§ **REQUIREMENT**
When you reach a picture, skip it, and retype every line below exactly.

§ **RECORDED DATA**
────────────────────
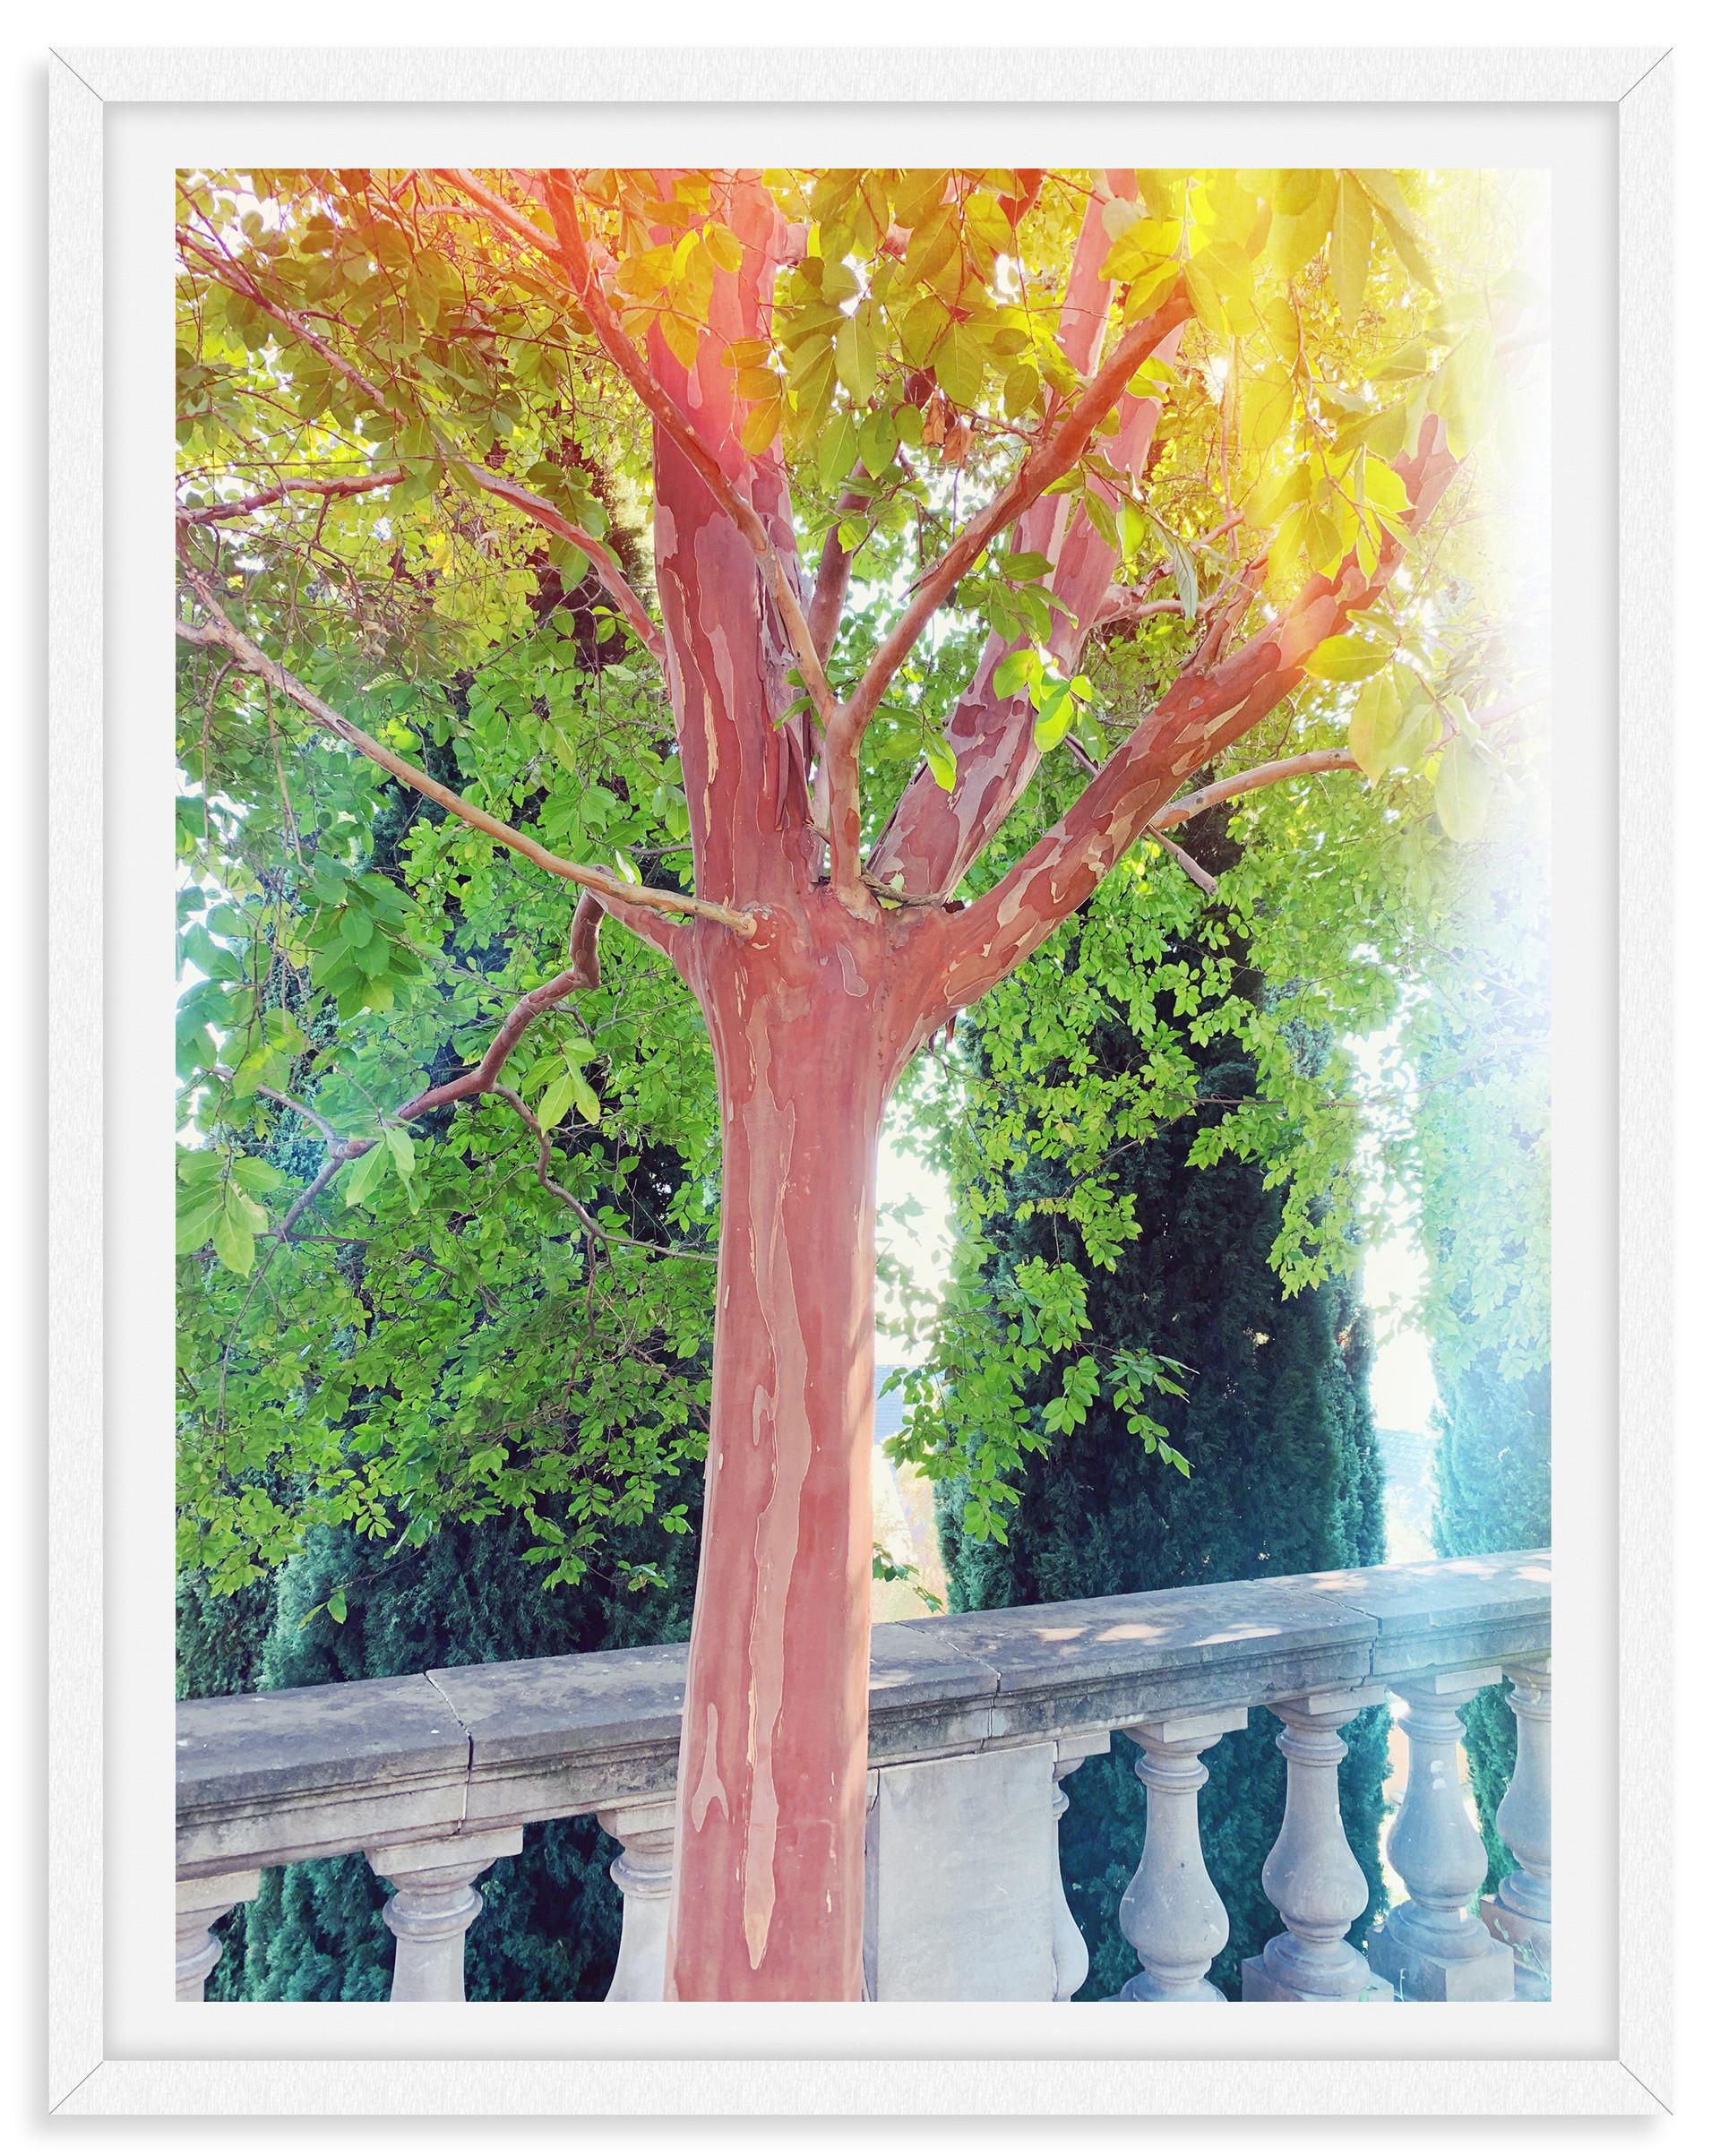 trees fall leaves sunlight garden wall a
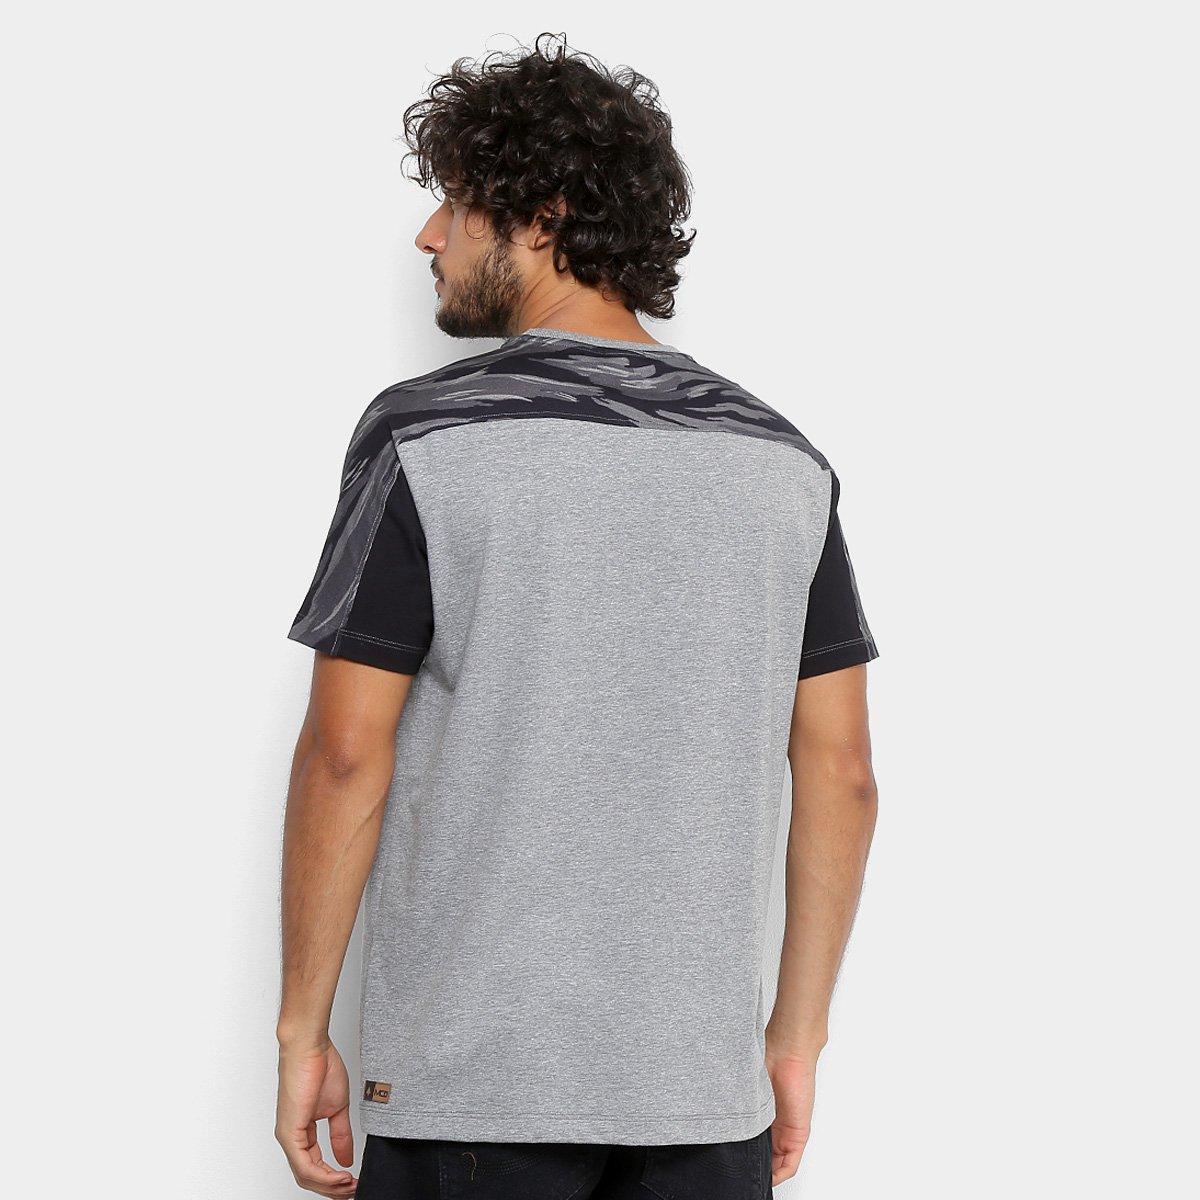 Camiseta MCD Especial Core Masculina  Camiseta MCD Especial Core Masculina  ... b4cc44a92c0
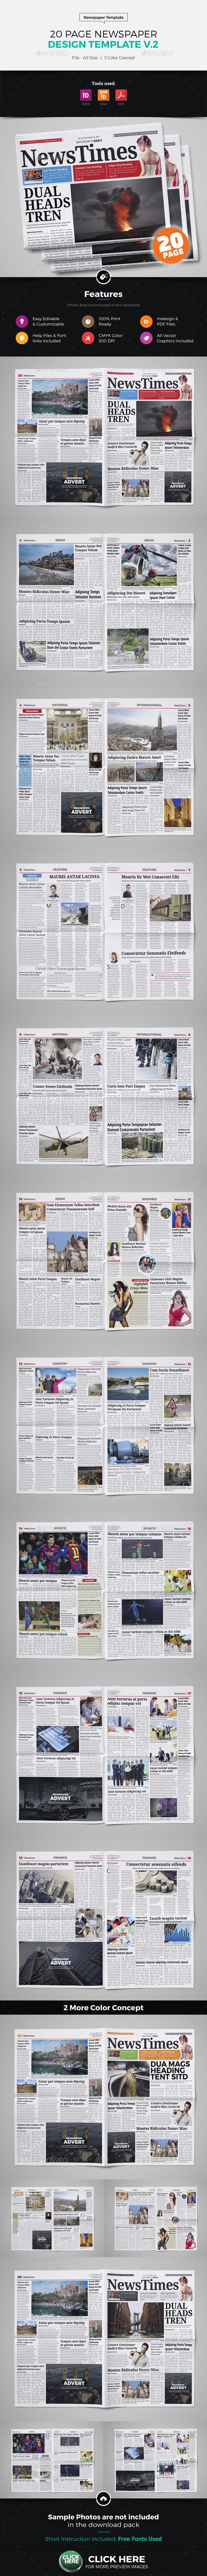 20 Page Newspaper Design v2 - Newsletters Print Templates
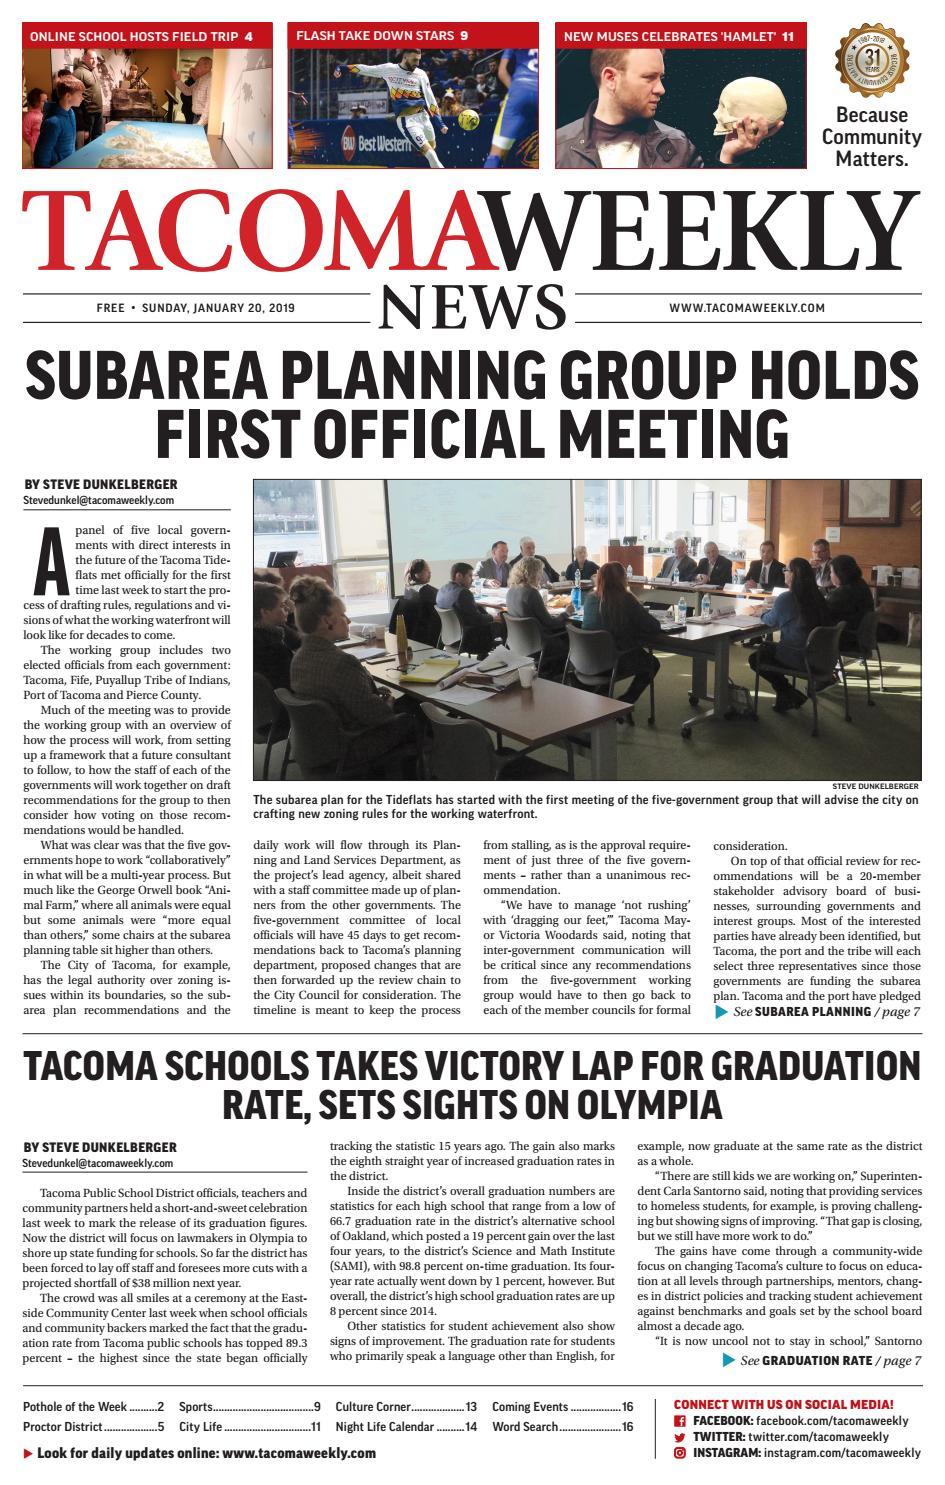 Tacoma Weekly 01.20.19 by Tacoma Weekly News - issuu c744c8181
────────────────────
§ **YOUR RESPONSE**
 trees fall leaves sunlight garden wall a
 Camiseta MCD Especial Core Masculina  Camiseta MCD Especial Core Masculina  ... b4cc44a92c0
 20 Page Newspaper Design v2 - Newsletters Print Templates
 Tacoma Weekly 01.20.19 by Tacoma Weekly News - issuu c744c8181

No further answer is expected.